EXERCISE AIM: Word for word, transcribe the lines below and drop the pictures.

DATA BELOW:
******************************
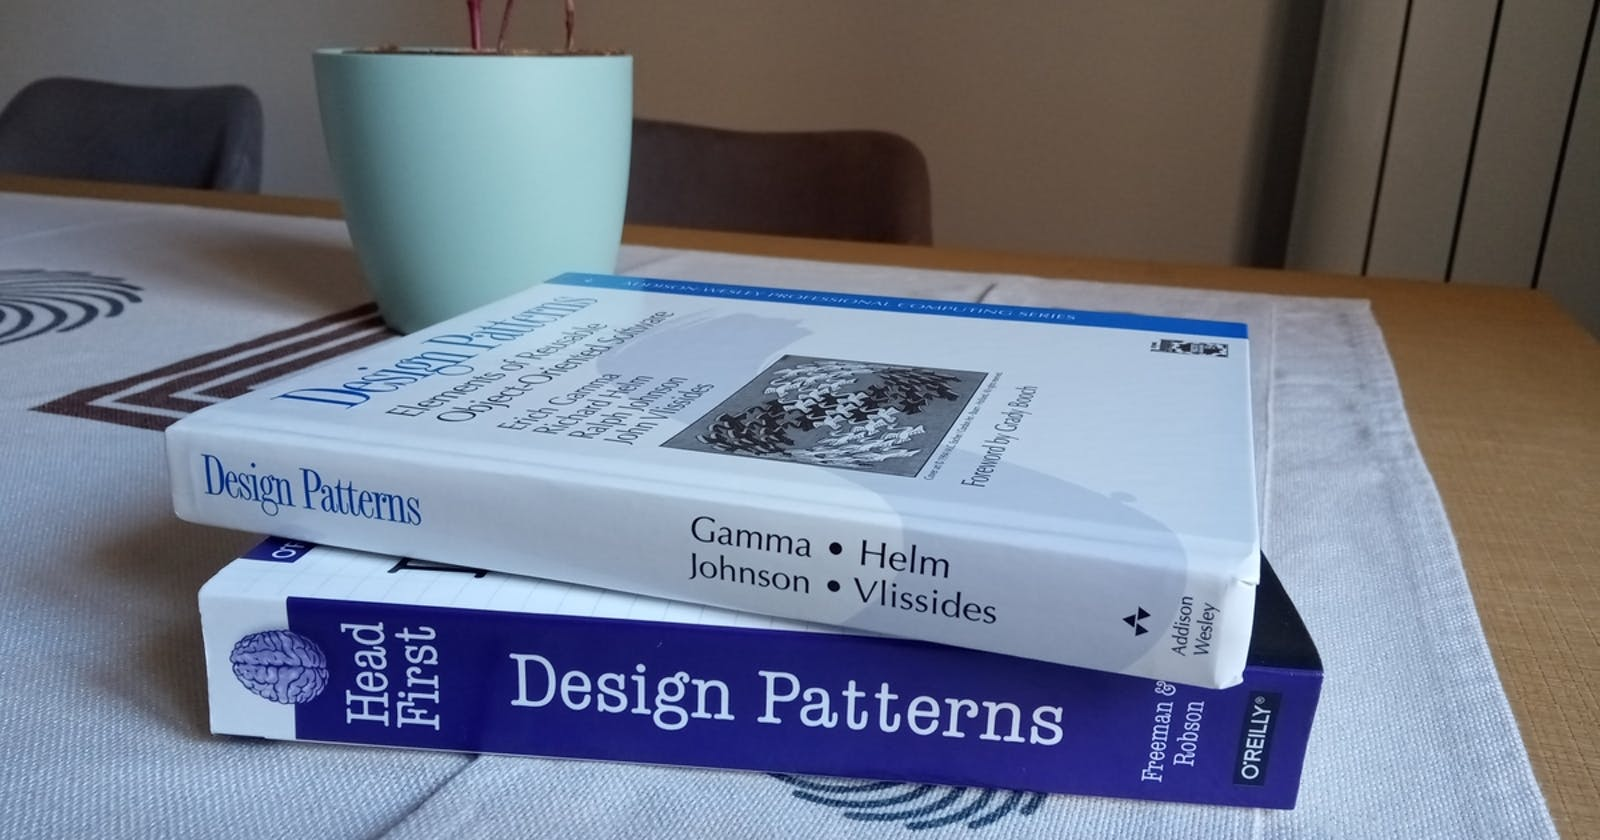 Are design patterns still relevant?
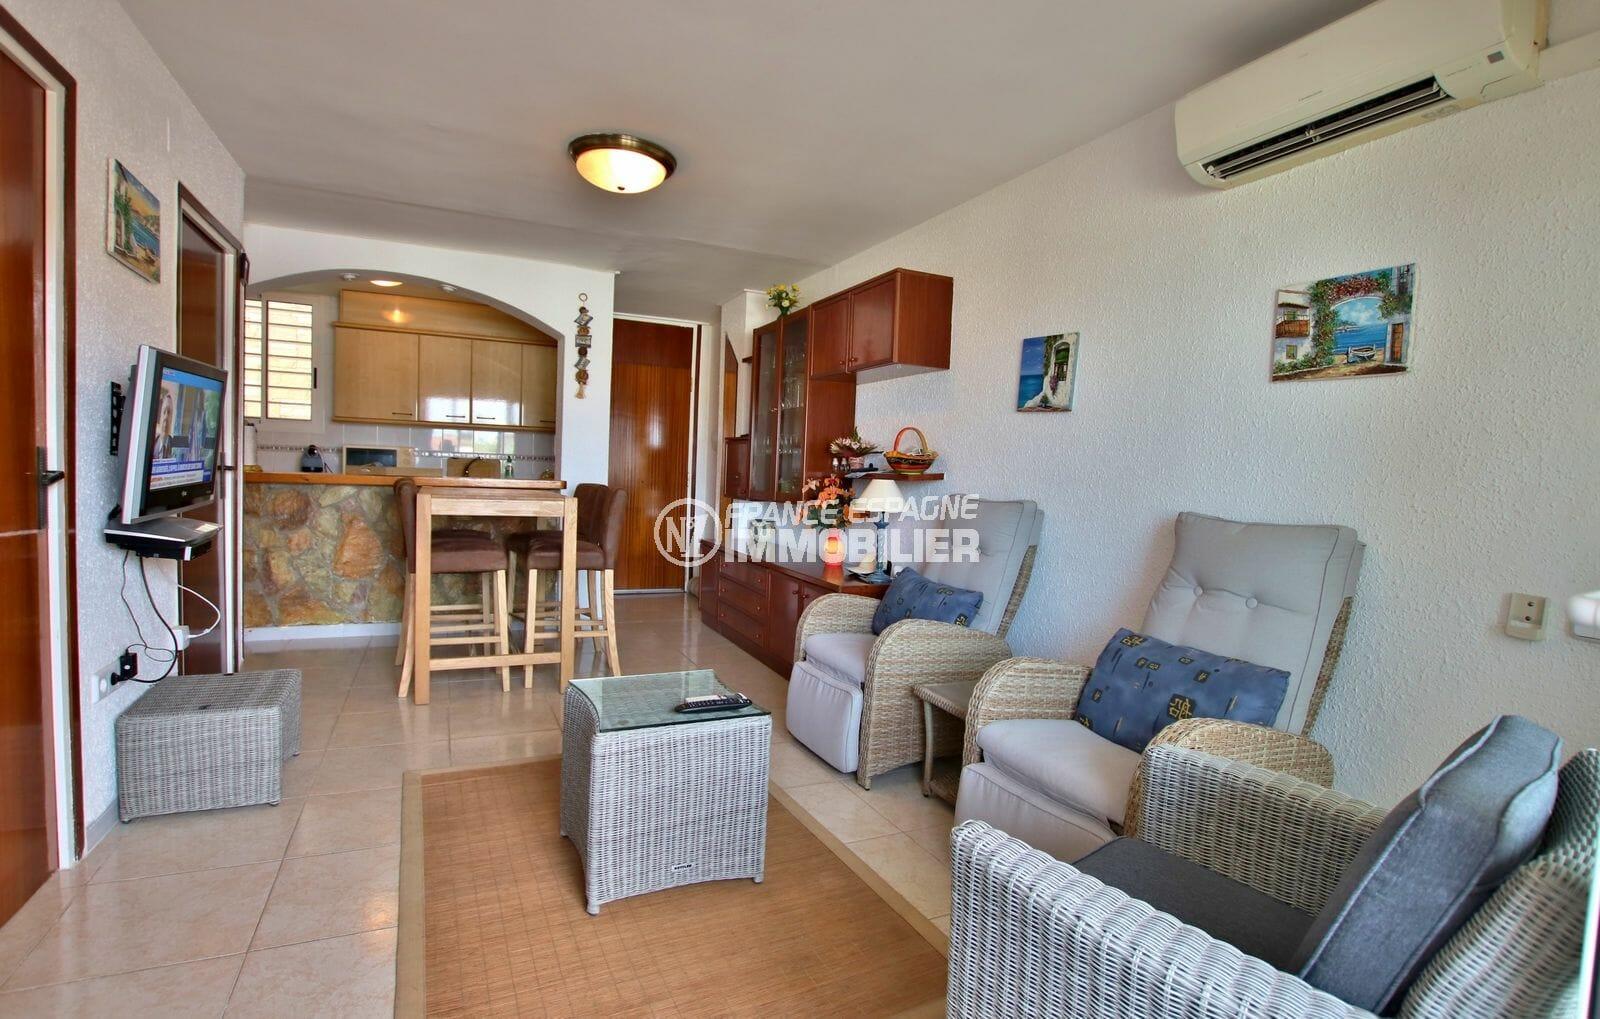 agence immobilière costa brava: appartement 45 m², salon / séjour avec cuisine semi ouverte
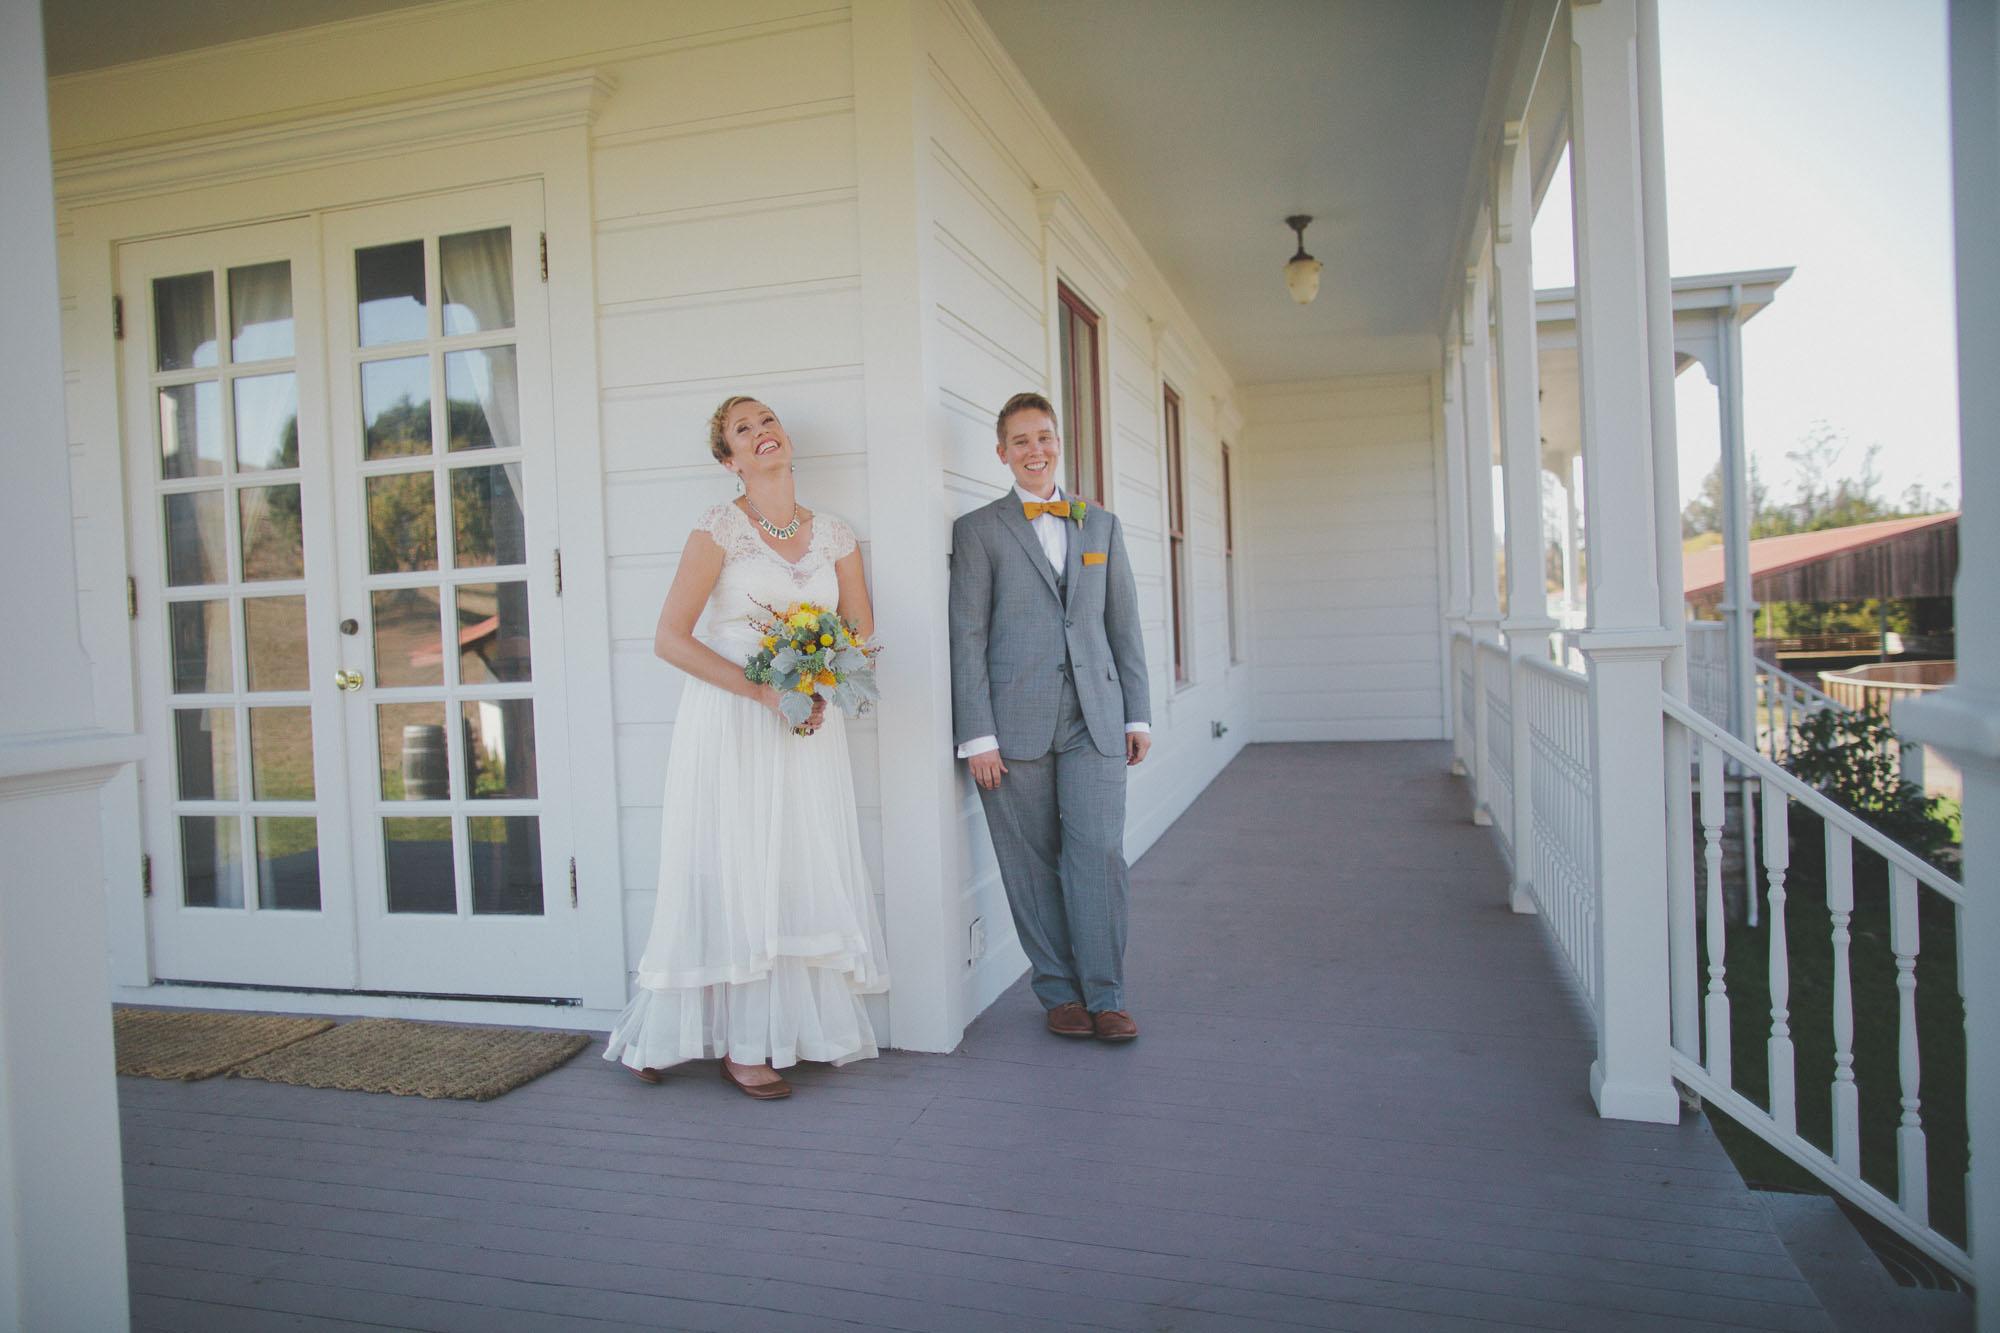 Gretchen_Gause_Petaluma_Olympias_Valley_Wedding_Photo-088.jpg
******************************
WRITTEN ANSWER:
 Are design patterns still relevant?
 agence immobilière costa brava: appartement 45 m², salon / séjour avec cuisine semi ouverte
 Gretchen_Gause_Petaluma_Olympias_Valley_Wedding_Photo-088.jpg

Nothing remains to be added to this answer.